Las provincias de Morona Santiago y Zamora Chinchipe, puertas del Ecuador hacia la región amazónica, están viviendo conflictos sociales por la mayoritaria oposición a la presencia de mineras transnacionales y a la pretensión de realizar una minería intensiva y a cielo abierto en varios cantones, especialmente en las estribaciones de la Cordillera del Cóndor, lindero con el Perú.

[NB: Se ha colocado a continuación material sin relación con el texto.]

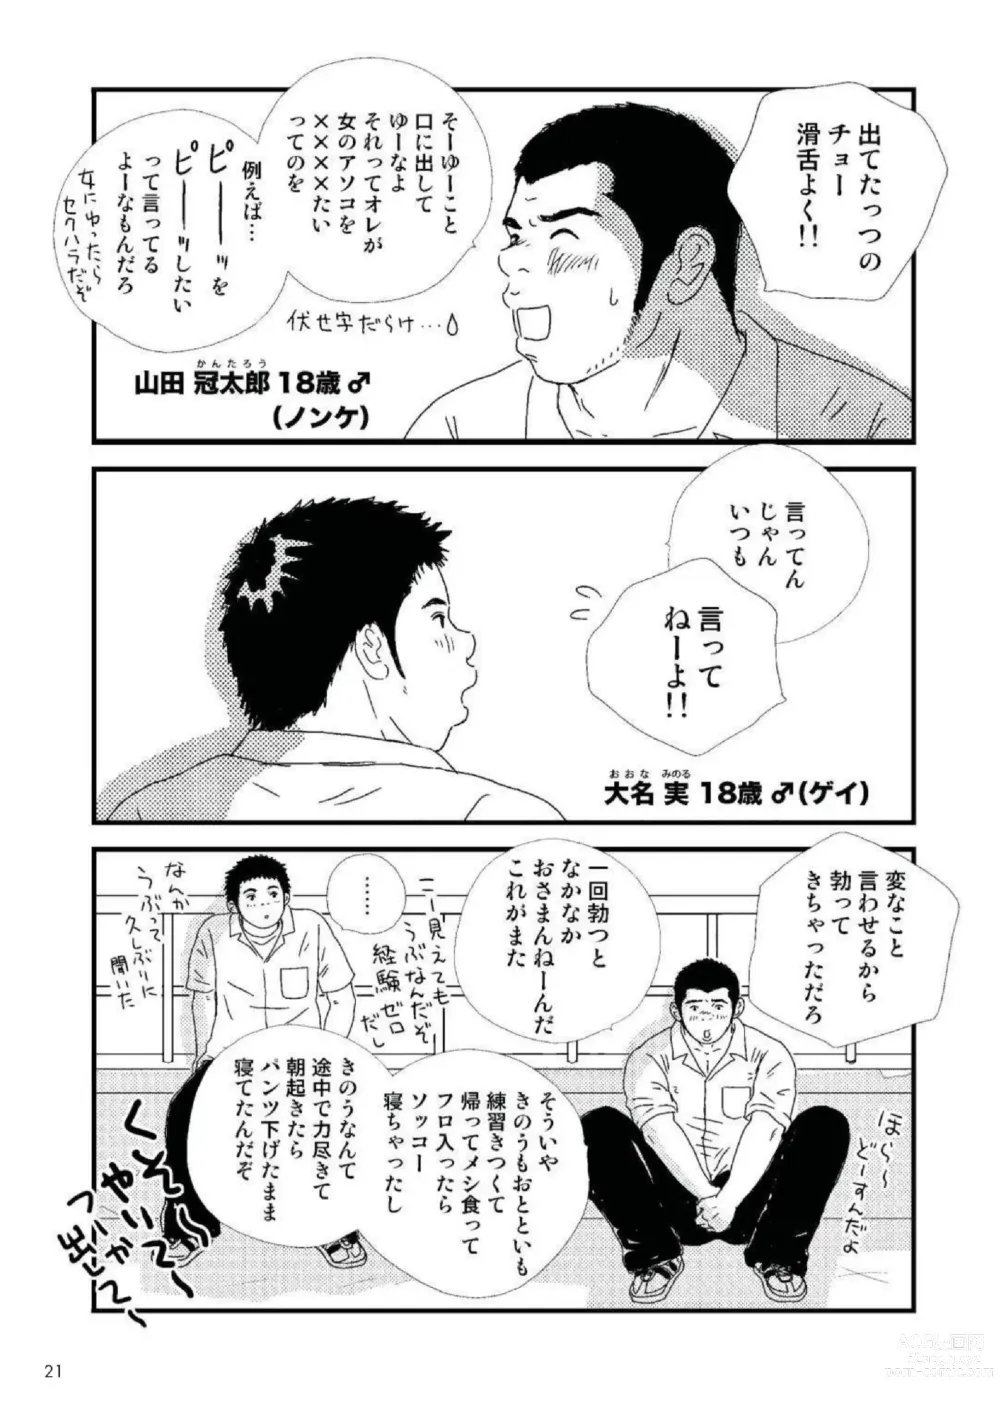 Page 3 of manga SUCK!

Allí comparten sus vidas campesinos mestizos e indígenas de la nacionalidad Shuar. Por iniciativa de los alcaldes y concejales de Gualaquiza, San Juan Bosco, Yantzaza, El Pangui, Centinela de El Cóndor y Paquisha, así como de ciudadanos de la región y numerosas organizaciones, se realizó el sábado 27 de enero de 2007 el "Encuentro de Alcaldes por el Derecho a un Medio Ambiente Ecológicamente Equilibrado", en la sede municipal de Gualaquiza, con la coordinación del alcalde local, Ingeniero Franklin Mejía. Allí se constituyó, ante denuncias y evidencias de público conocimiento sobre la militarización del área del proyecto minero y la seria afectación de derechos fundamentales de los pobladores, una Comisión Internacional de Observación, con representantes de organizaciones ambientales, de salud y de cooperación, que se encontraban en el país realizando trabajos acerca del tema de la minería.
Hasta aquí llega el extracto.